Governance is a fundamental (perhaps the fundamental) process within EA to connect the business aspirations with the current and future enterprise reality. Governance is probably also the most contentious EA process: a necessary evil at best or a dysfunctional rubber stamp or change-prevention mechanism at worst. The current focus on enterprise agility provides a context for refining governance. The conclusion is not to throw out governance or to diminish EA to a laissez-faire view of awareness and simplistic control of the enterprise. Rather, the conclusion is that governance can be made effective, compelling, and a value-add to agility.

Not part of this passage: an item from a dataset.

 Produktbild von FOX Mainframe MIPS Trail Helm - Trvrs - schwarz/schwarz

Part of the complexity with governance is that it varies widely and is a tradeoff of constraints and flexibilities. The telecom industry in the early 1990s illustrates one view of governance. This was a time of great expansion of ideas/capabilities (e.g., cell phones, network features such as voicemail, data transport in addition to voice) but also a time of great constraint (50% of customers did not even have touch-tone phones — remember those circular dial faces!, and the connections were twisted-pair copper wires, not higher performance wires, cables, or fibers). At that time, the enterprise architecture — the way calls were switched, the way signals were sampled and processed by software, the way endpoint devices (phones) worked, and so on — was a set of relatively immovable constraints. This is not to say that the role of architecture (and the architects) was to limit innovation, but rather help “engineer” tradeoffs based on the current reality to encourage workable innovation and delivery. There was no doubt, though, that governance was there to enforce architectural constraints, and that the flexibilities were limited to understanding what those constraints did and didn’t mean. Outcomes included ways to deliver network services, such as caller ID, call waiting, network voicemail, and so on, to subscribers that had the most basic handsets and far-reaching features like “number portability” (the precursor to today’s ability to migrate phone numbers from landlines to cell phones or between providers). There were disruptive transitions, such as adding area codes or splitting them, that needed to be managed.

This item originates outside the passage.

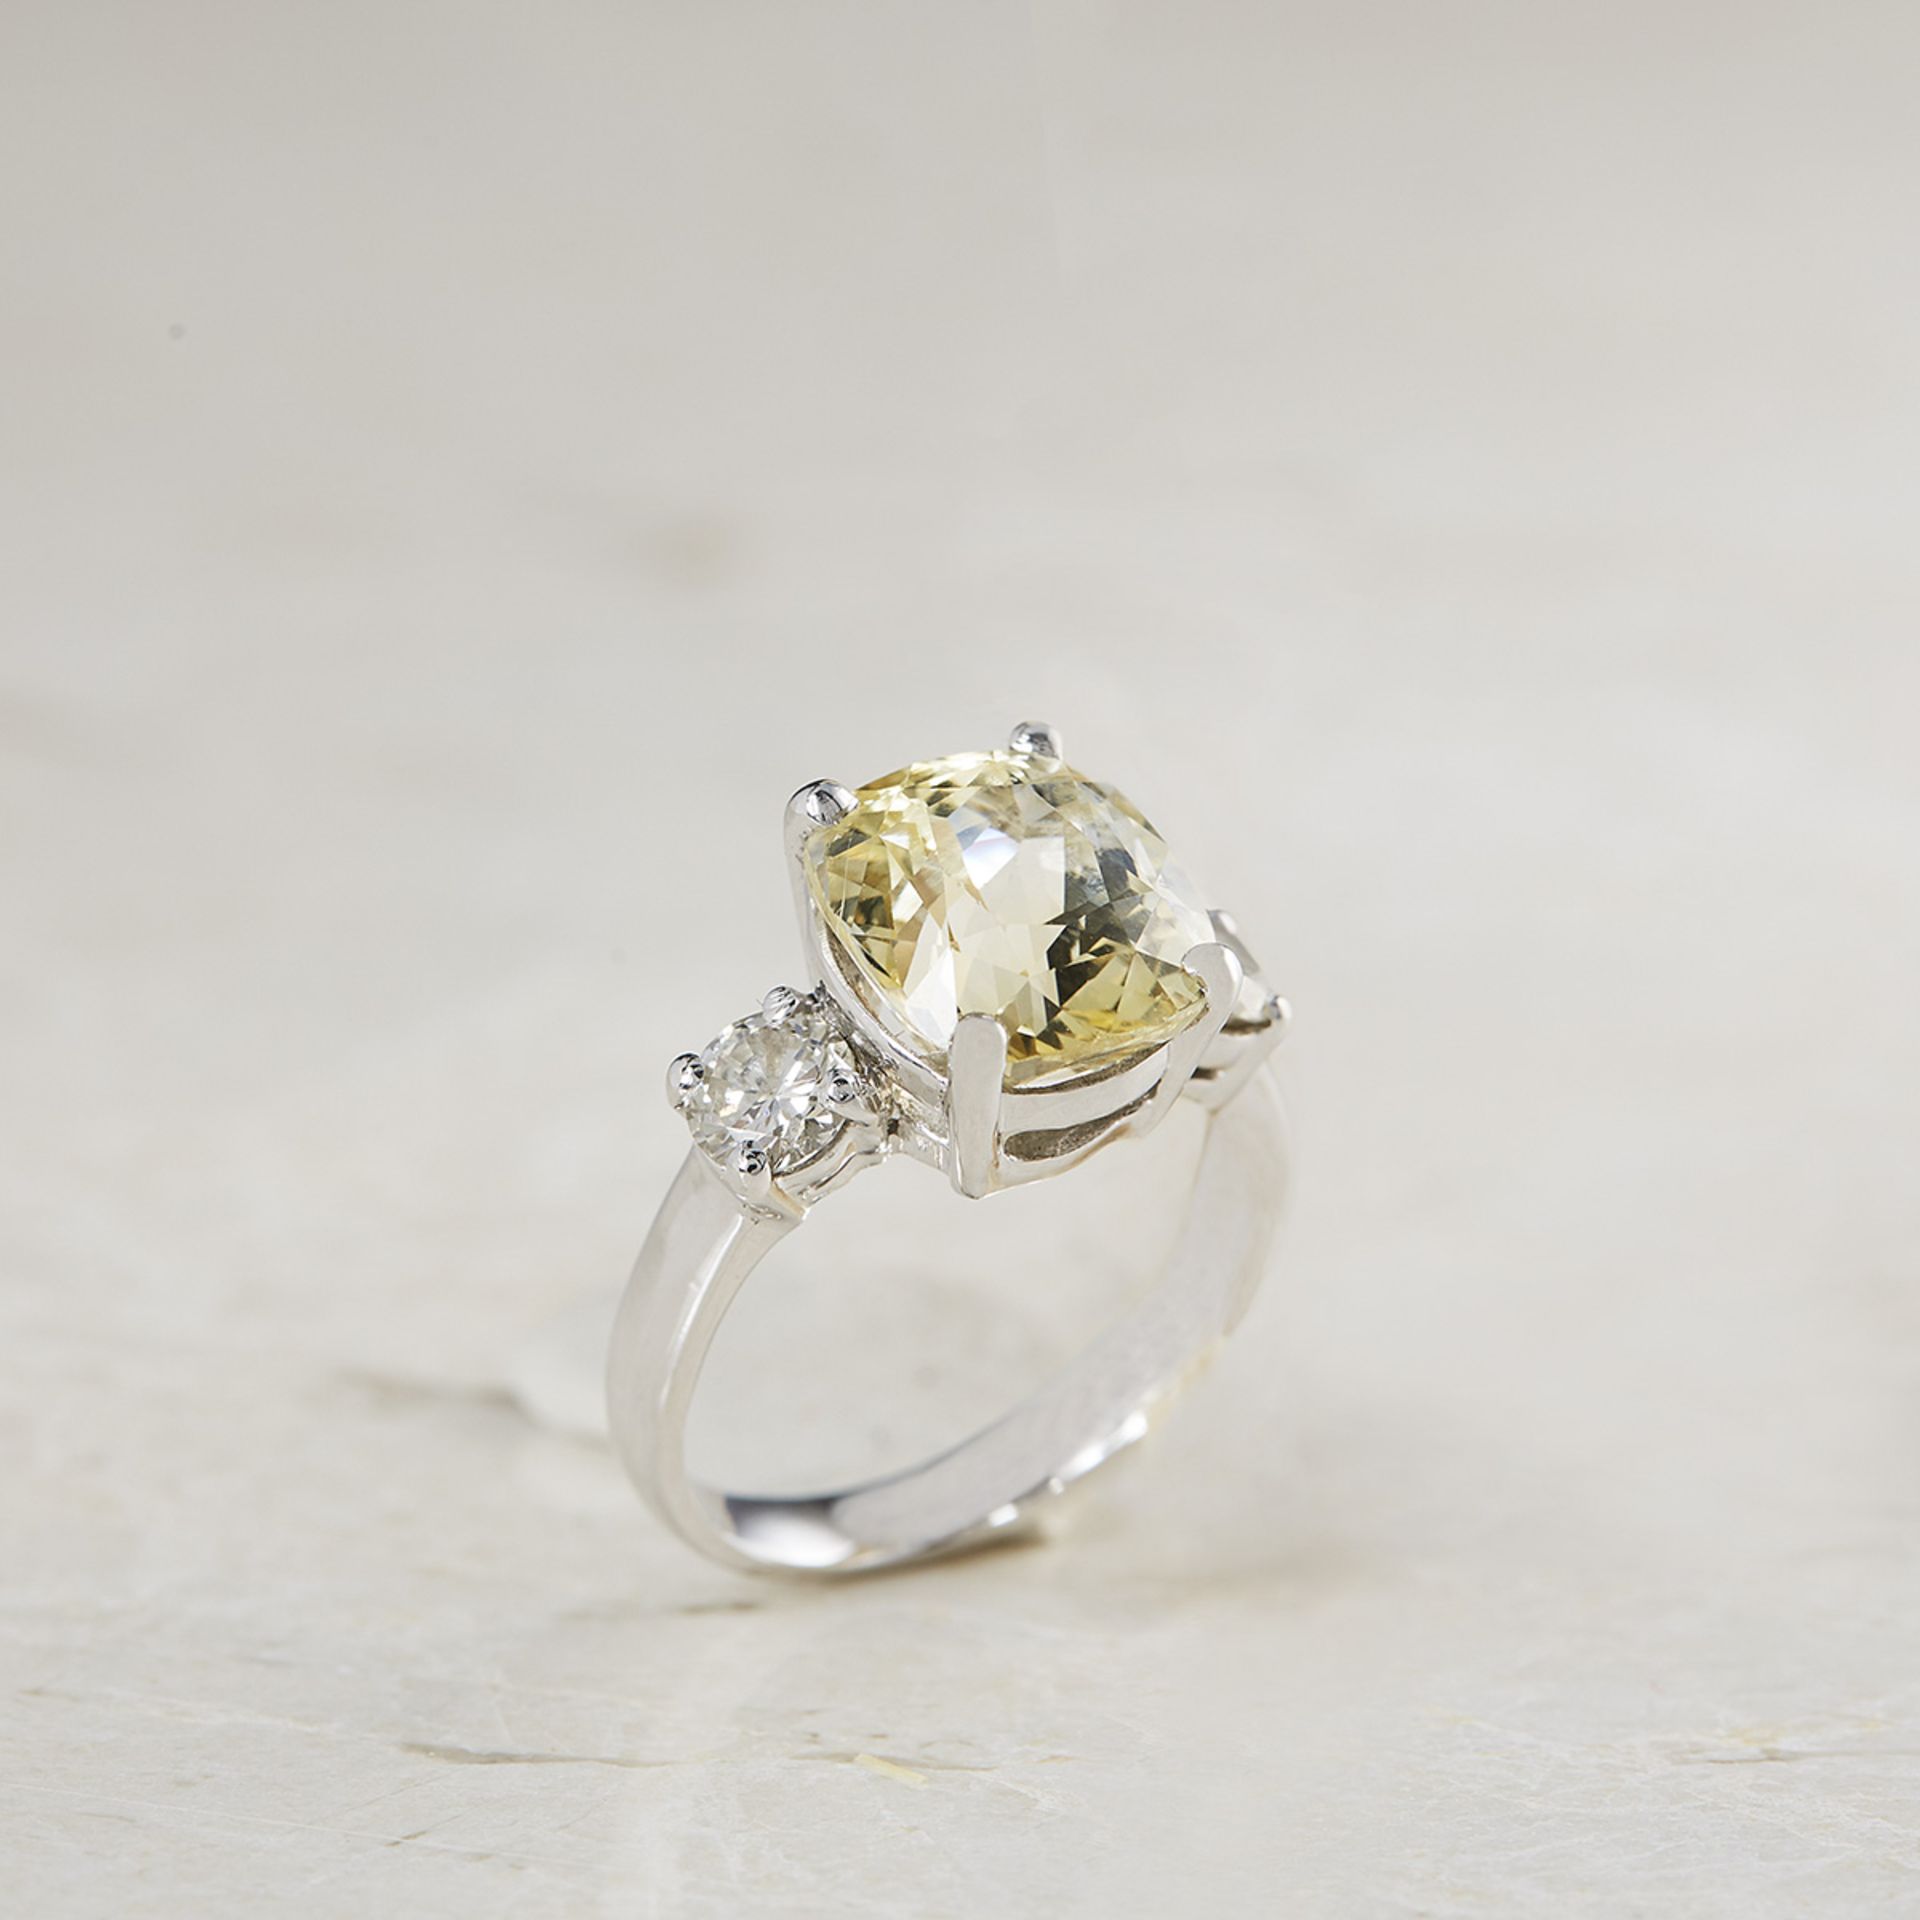 Platinum 6.07ct Yellow Sapphire & 0.68ct Diamond Ring - Image 2 of 8

Another view of governance is that it manages the roadmap from the “as is” to “to be” architectures. The nature of the concerns can range from explicit transitions (e.g., moving from one document management solution to another) to abstract goals (e.g., adoption of XML, SOA, or REST) to operational concerns (e.g., the JDK version or App Server version used for implementation). In this view of governance, the architectural transition is driving the change, and the enterprise is shifting from a state of compliance with one set of standards to compliance with another set of standards. An audit function is performed to evaluate if each project/delivery is to either be part of the status quo or part of the managed change. This audit often occurs so late in the process that there is not much that can be done if the answer is other than what is expected. The audit and the mandate for compliance may occur at an idea level, not based on an integrated end-to-end capability that involves the details of how the transition was applied.
Enterprise governance ultimately provides answers to the following questions, and the considerations for how to answer them in an agile enterprise are significant:
- What third-party technologies are we using across the enterprise, and is that consistent with what we want to be using (vendor, version, licensing, migrations, policies on open source usage)? Agile methods use the term “situational awareness” as necessary to understand how a project is doing so that next steps can be evaluated. Governance provides an enterprise-level situational awareness.
- What are the third-party technologies being used on a given project, and are those from the approved list of technologies (including transitions)? The system-level projects may or may not be able to avail of the full set of options (i.e., variants) within the enterprise, so there is a fit-for-purpose analysis that is made. In the agile development process, that purpose and fit may emerge rather than be planned and this will need to be addressed with governance.
- When have technology choices changed on a project/system, what are those changes, and are those changes expected/approved? This is similar to the above, but emphasizes that much of the desire/need for technology transition is discovered at the systems project level. There are big ideas that might be able to flow from top down (e.g., adopt messaging over remote procedure call (RPC), or adopt document management over file storage), but within those large domains, the discovery of what works and doesn’t comes from the projects. Governance needs to be aware of these transitions, allowing for a managed, bottom-up innovation.
- What are the internal supplier-consumer (integration) relationships between projects/systems? Governance is not just about technology usage within a system, but also integration between systems. Integration has a technology underpinning, but the more significant concerns are at the level of interface models, data exchange models, and the ability to test system-of-systems integrations for functional, nonfunctional, and error-handling issues. Agile development emphasizes a continuous integration approach that necessities an integration environment that is always available (to each system/project), always up to date (and able to be moved to different dated revisions easily), and supports automated testing. But these responsibilities to the system-of-systems integration are, by their nature, bigger than any one system, and hence effective governance can make this workable and efficient.
- Are the third-party technology and integration choices across projects/systems compatible (note: this does not need to mean identical)? The key is compatibility, not conformity. This is a transition in the governance approach for standardization but appeals to the sense that “one size does not fit all,” and what organizations really need is a way to realize that objective in a way that supports agility without leading to chaos.